The average size of this beauty is about 6-8 tall and wide, though it depends on how you prune it. It can be grown as a shrub or trained as a vine. As a shrub, it will have a loose, open vase shaped growth habit. As a vine, it can grow 15' or more. It's also a fast grower and if left to its own devices, will shoot up runners far from the main plant-just clip 'em if they get outta hand.

Cape honeysuckle can be recognized by its glossy dark green, diamond shaped leaves. This plant will get covered in vibrant red-orange honeysuckle-like blooms year round. This no doubt attracts lots of butterflies, bees and hummingbirds.

Cape honeysuckle is considered a tropical evergreen, but around here it tends to be a semi-evergreen or perennial. Most years it will not freeze back, but if it does, it comes back every spring.

Grow Cape Honeysuckle in containers or in the ground. It grows best in full sun but can also tolerate partial shade. Pair it with perennials like Esperanza and Plumbago for explosive color!

August Plant of the Month

Tropical Milkweed

tropical milkweed

Are you bonkers for butterflies? San Antonio just can't get enough of this stuff! We know butterflies love 'em too, but what the heck are they called? If you said butterfly weed, you're half right. There are lots of varieties of milkweed, they are sometimes called butterfly weed. Combine common names with a few mislabeled plants and there's sure to be some confusion. Let's clear it up a bit, huh? The variety that we carry here at The Garden Center (pictured) is called Tropical Milkweed (Asclepius currasavica). A lot of us here still call it "butterfly weed". Old habits...

Just the Facts

Tropical Milkweed has bright orange and red clusters of flowers early summer through fall. An herbaceous perennial with upright stalks, it sometimes looks a little skinny as a youngster. Don't worry, it will get bushier over time. It can get up to 3 feet tall and 1-2 feet wide. This variety is not native to Texas but to Mexico. Even so, it is well adapted to our climate. Grow it in full sun with maybe just a little shade in the afternoon.

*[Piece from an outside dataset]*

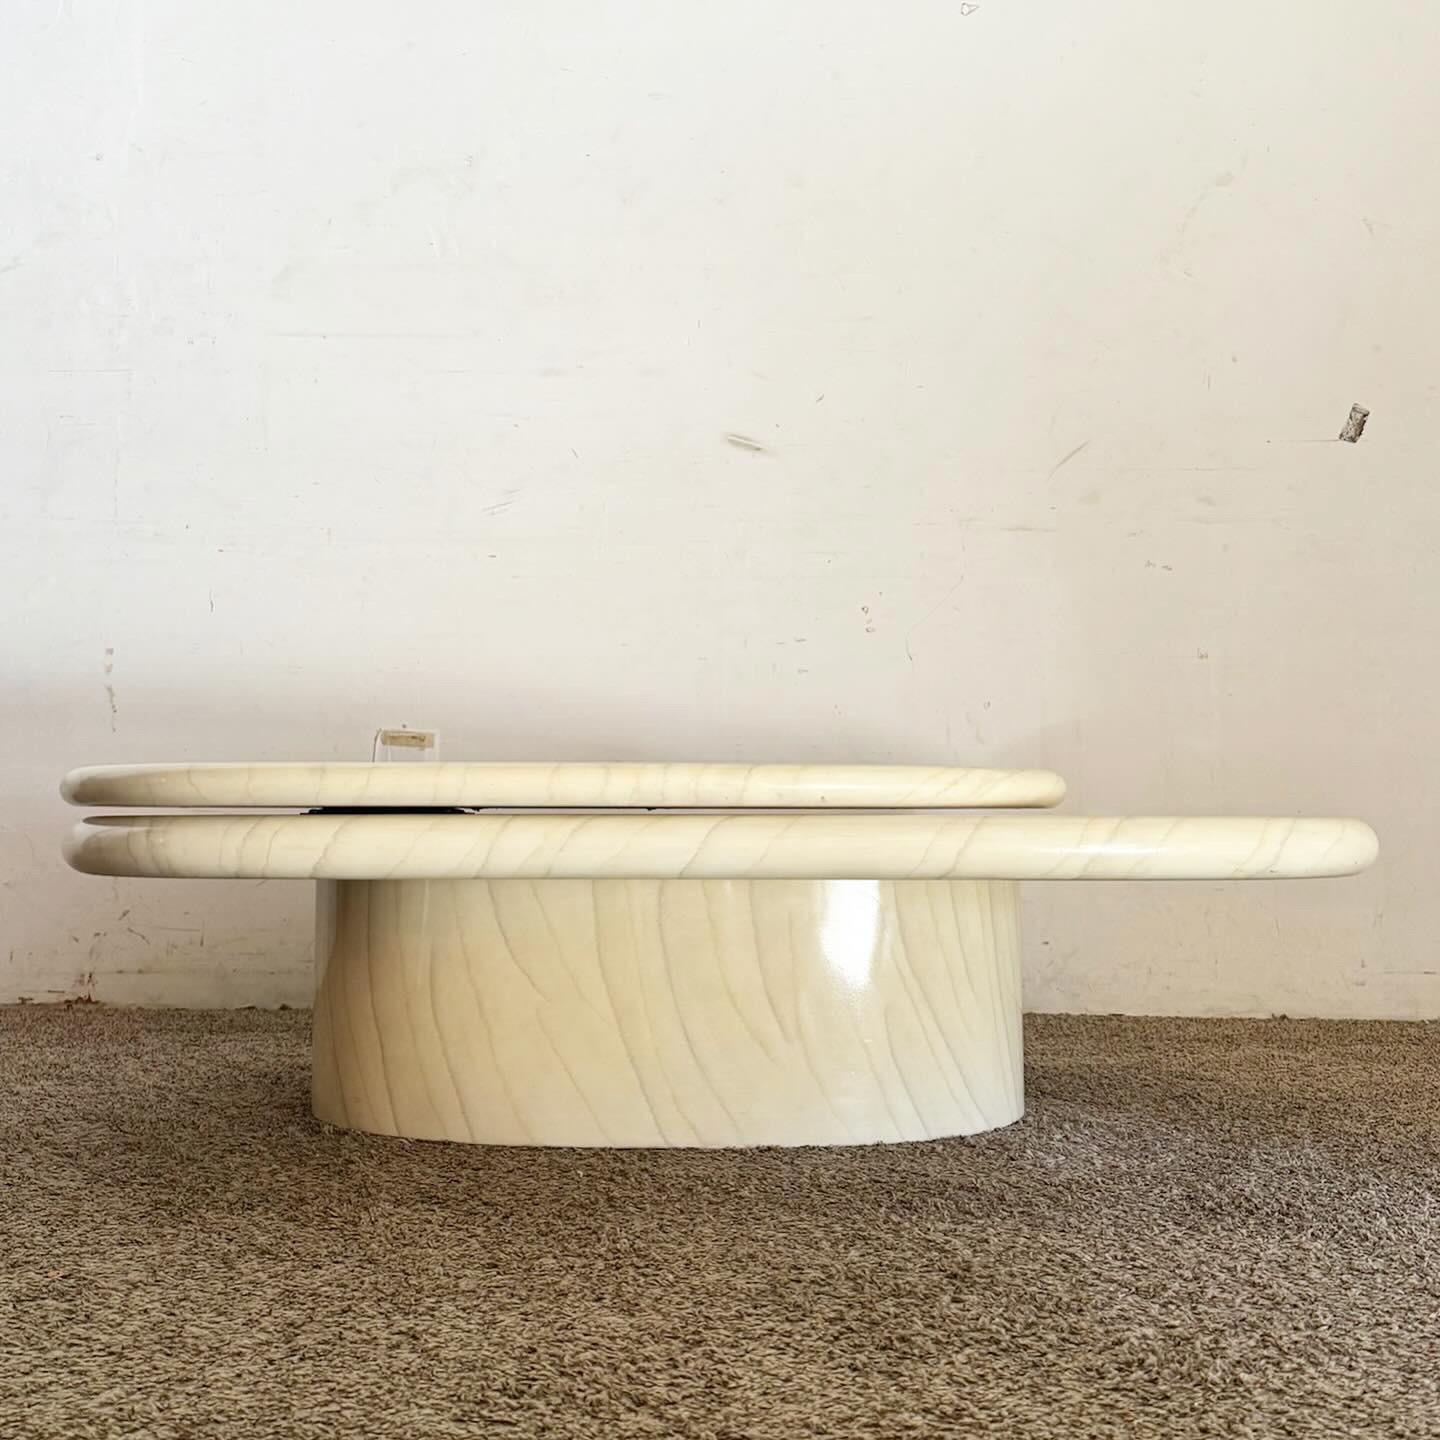 Révolutionnez votre espace de vie avec la table basse ovale à plateau pivotant en fausse pierre laquée postmoderne. Cette table présente un design unique de plateau pivotant à deux niveaux, offrant à la fois style et fonctionnalité. La finition

This tough little plant is deer resistant and tolerates heat, poor soil and drought. In fact, the easiest way to kill milkweed is by over watering! It has a long taproot that helps it get through dry spells. Tropical Milkweed has no serious pests or diseases except for the occasional rust spots or aphids.

About Those Butterflies

Now lets talk flowers! This butterfly weed attracts, you guessed it...butterflies. Flowers are a nectar source for many bees, hummingbirds, beneficial pollinators. The leaves are also a food source for monarch butterfly caterpillars.

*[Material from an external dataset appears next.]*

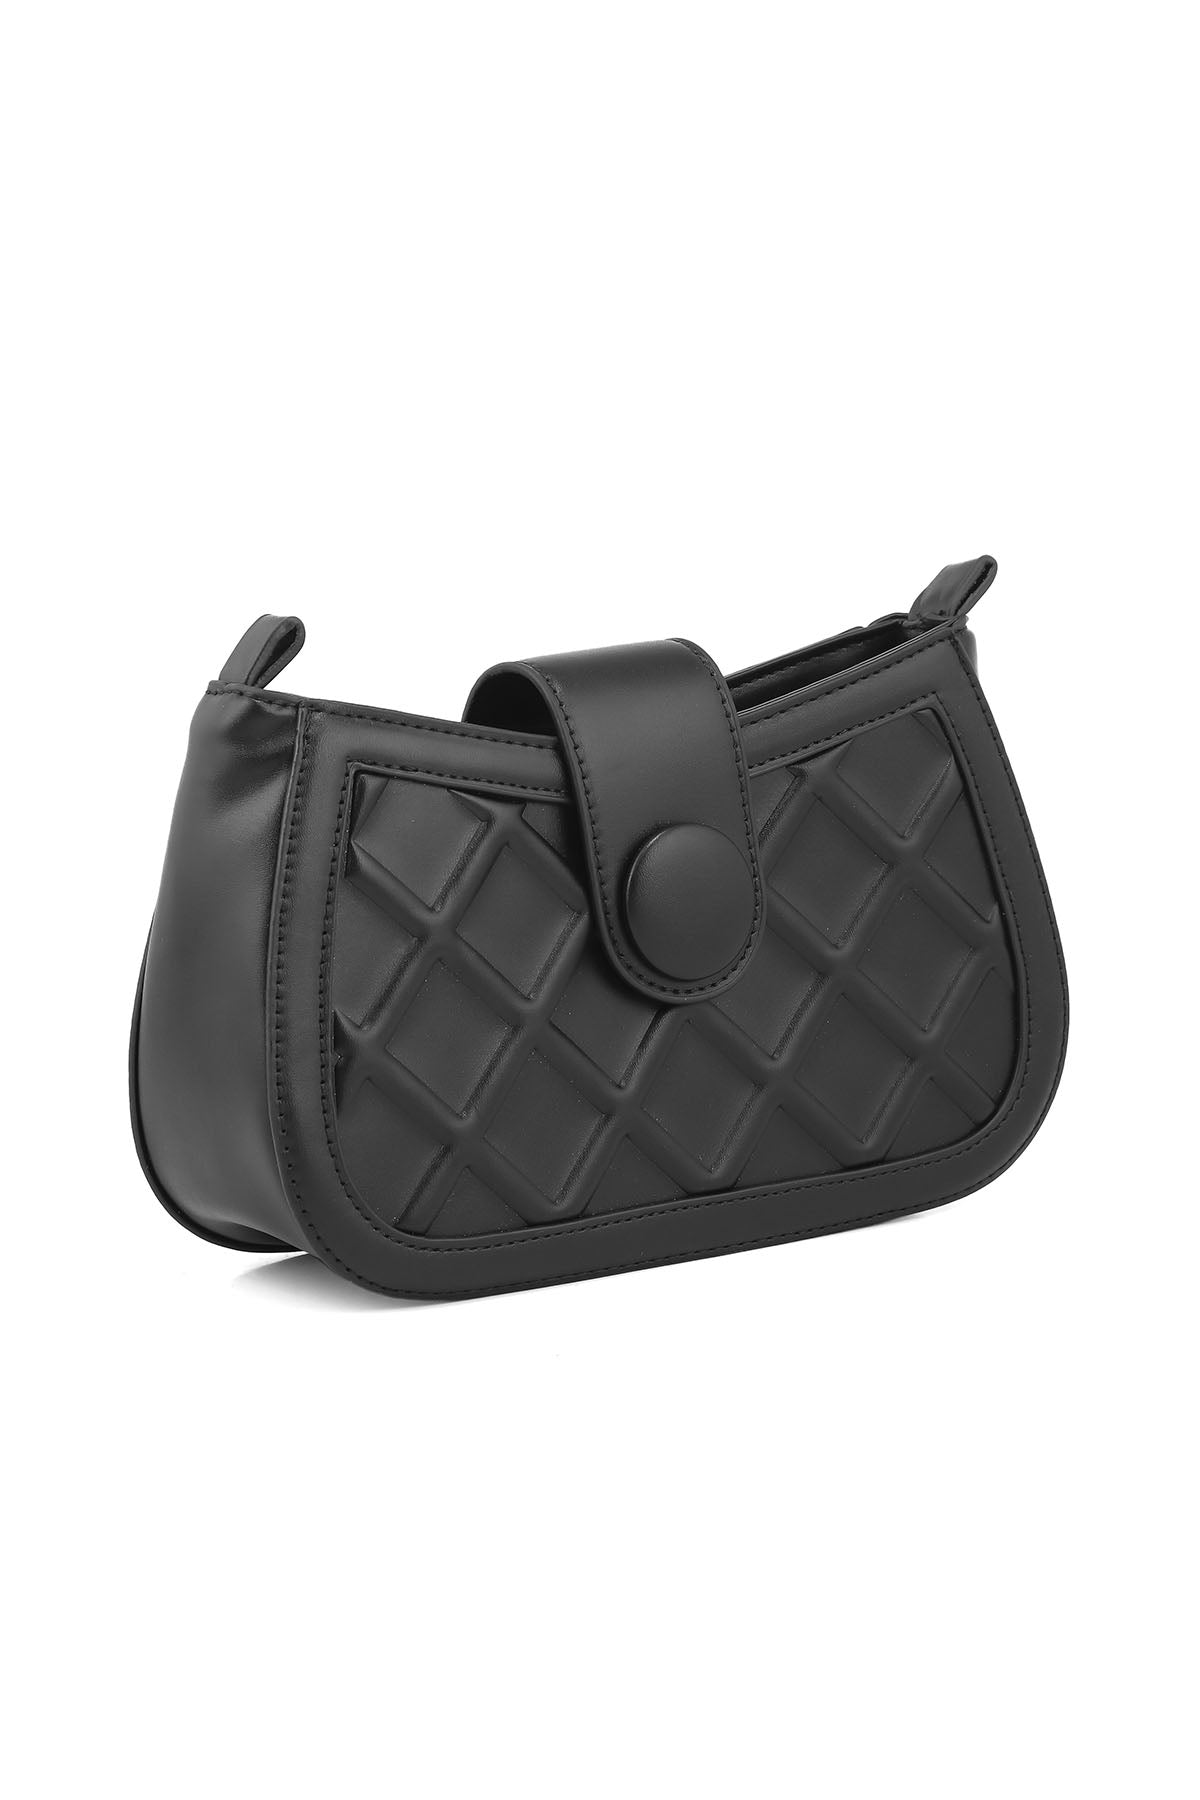 Cross Shoulder Bags B14958-Black

The downside to this particular variety? It blooms well into late summer and fall, which can delay monarch migration. For this reason, you may want to help out by planting other varieties of Asclepius like "tuberosa" or "asperula". You can also just cut the plants down around September and keep them that way until spring. Read more about the downsides and why you would do all that here.

Placement and Uses

Grow these beauties as a border or a backdrop for other low growing perennials. They are also good for rock gardens or naturalized areas in the landscape. Pair them with other butterfly favorites like Butterfly Bush, Gregg's Blue Mist Flower or Coneflower.

If you're feeling adventurous, milkweed has several other uses aside from aesthetics and as a butterfly cafe. Pioneers and native Americans used to boil the roots to treat diarrhea, asthma and other respiratory illnesses. Young seed pods were boiled like okra. (A word of warning: Always consult a knowledgeable source before ingesting or topically applying plant concoctions!) And if you've got LOTS of time on your hands, the down from milkweed seeds can be spun to make candlewicks. The seed pods are also nice for flower arrangements.

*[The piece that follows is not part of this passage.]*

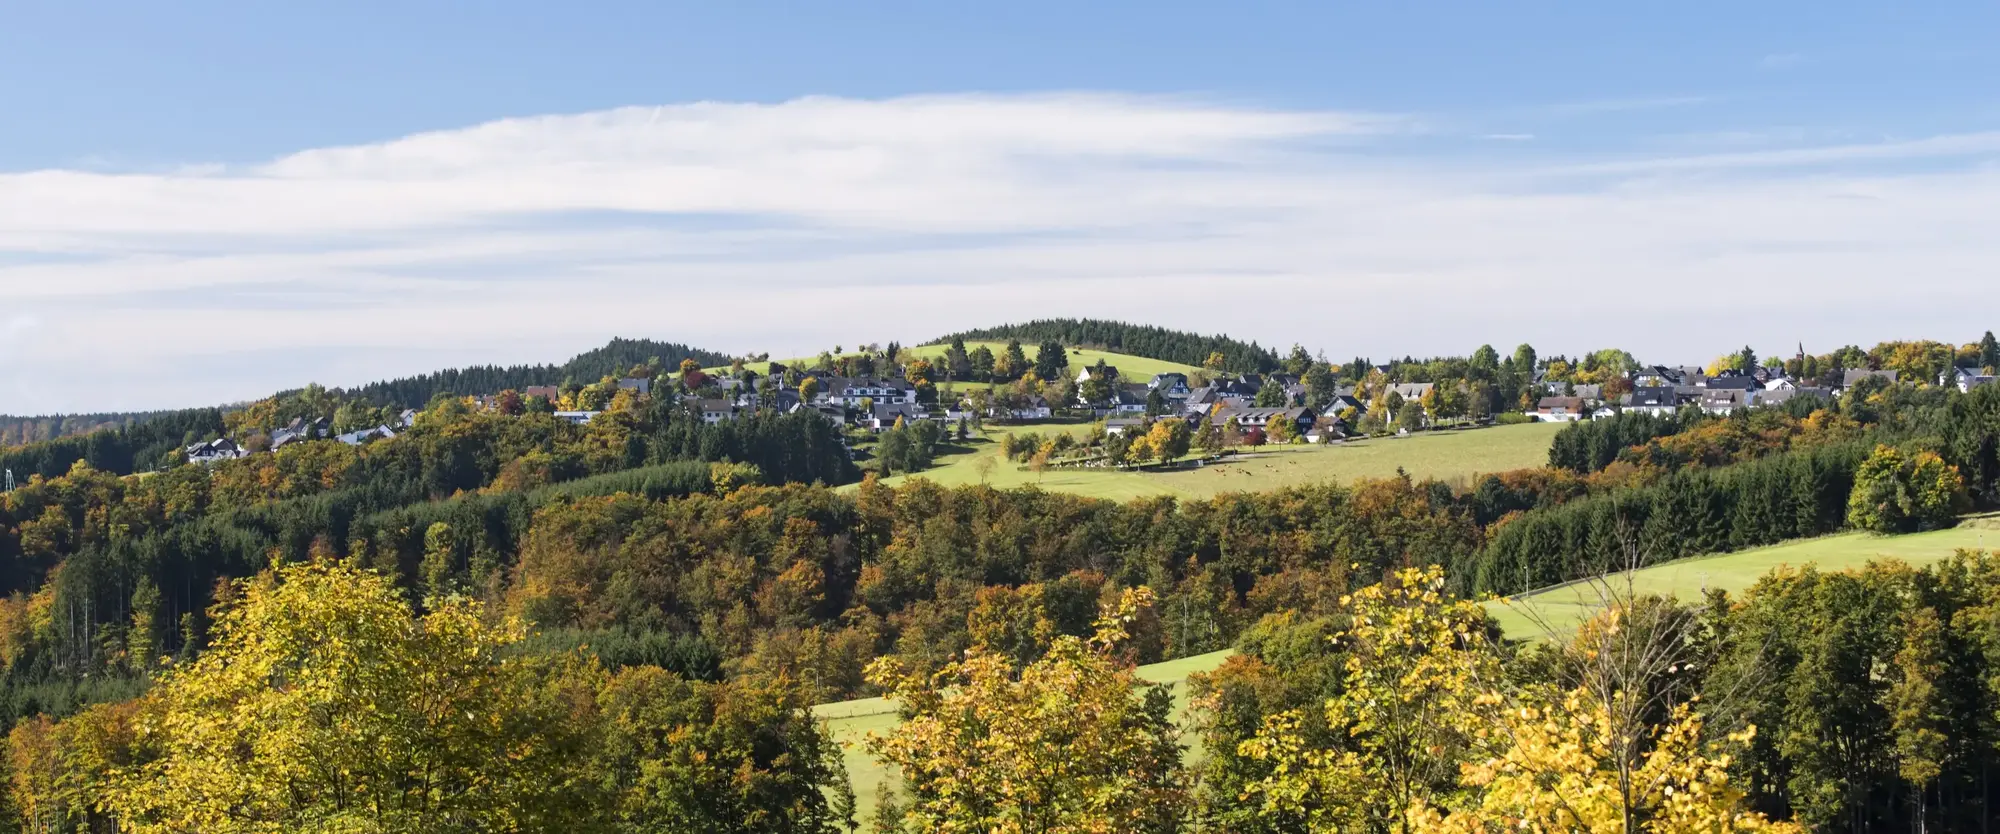 Die Ortschaft Langewiese inmitten von Wiesen, Wäldern und Bergen.

Here at The Garden Center, we carry Tropical Milkweed through the growing season, but with its popularity this year, it's been hard to keep on the tables! As of this writing, we got 'em. But give us a ring first- just to make sure!





Awful Aphids!


Raining Trees?

Have you ever walked underneath a crape myrtle and thought "Oh, it's sprinkling!" and then wondered why it was only raining under the tree? Hate to break it to ya, but you just got pooped on by aphids. GROSS!

That's not the only thing you might notice when these tiny pests are around. Aphids are one of our #1 pest complaints here at the nursery. Fortunately, they are not too difficult to get rid of.

How to Spot Them

Aphids are tiny soft bodied critters that suck the sap out of plants. There are over 4,000 different species and are many different colors including green, yellow, brown, black or even red! Some have a smooth body while others have a waxy or woolly coating.

These little beasties will go after any juicy plant available. Some of the signs you might notice are:

  • curled misshapen or yellow leaves
  • deformed flowers or fruit
  • ants hanging out on your plants
  • shiny, sticky looking leaves
  • black powdery leaves

Curly, deformed or yellow leaves may mean aphids are hiding on the underside of the foliage. Go take a peek! They can also damage flowers and fruit as they form. Many times, folks will see ants on their plants and think that they are the culprit.

Here's the real reason they're there- ants like to keep aphids as pets! Kinda. It's more like farming. The ants will protect aphids from predators because they benefit from them. As aphids feed on plant sap they secrete a substance called honeydew. (Remember the raining poopy crape myrtle? That's really what it is.)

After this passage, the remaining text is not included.